▶ _Provided entries_
══════════════════════════════

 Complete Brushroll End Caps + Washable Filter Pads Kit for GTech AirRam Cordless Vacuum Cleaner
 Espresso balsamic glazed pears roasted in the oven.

══════════════════════════════

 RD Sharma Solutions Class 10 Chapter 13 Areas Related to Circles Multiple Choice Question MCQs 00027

══════════════════════════════

▶ _Problem to work on_
Please give again the lines above between the line holding "Complete Brushroll End" and the line holding "Espresso balsamic glazed", inclusive, exactly as they are and with nothing added.

▶ _Finished task_
 Complete Brushroll End Caps + Washable Filter Pads Kit for GTech AirRam Cordless Vacuum Cleaner
 Espresso balsamic glazed pears roasted in the oven.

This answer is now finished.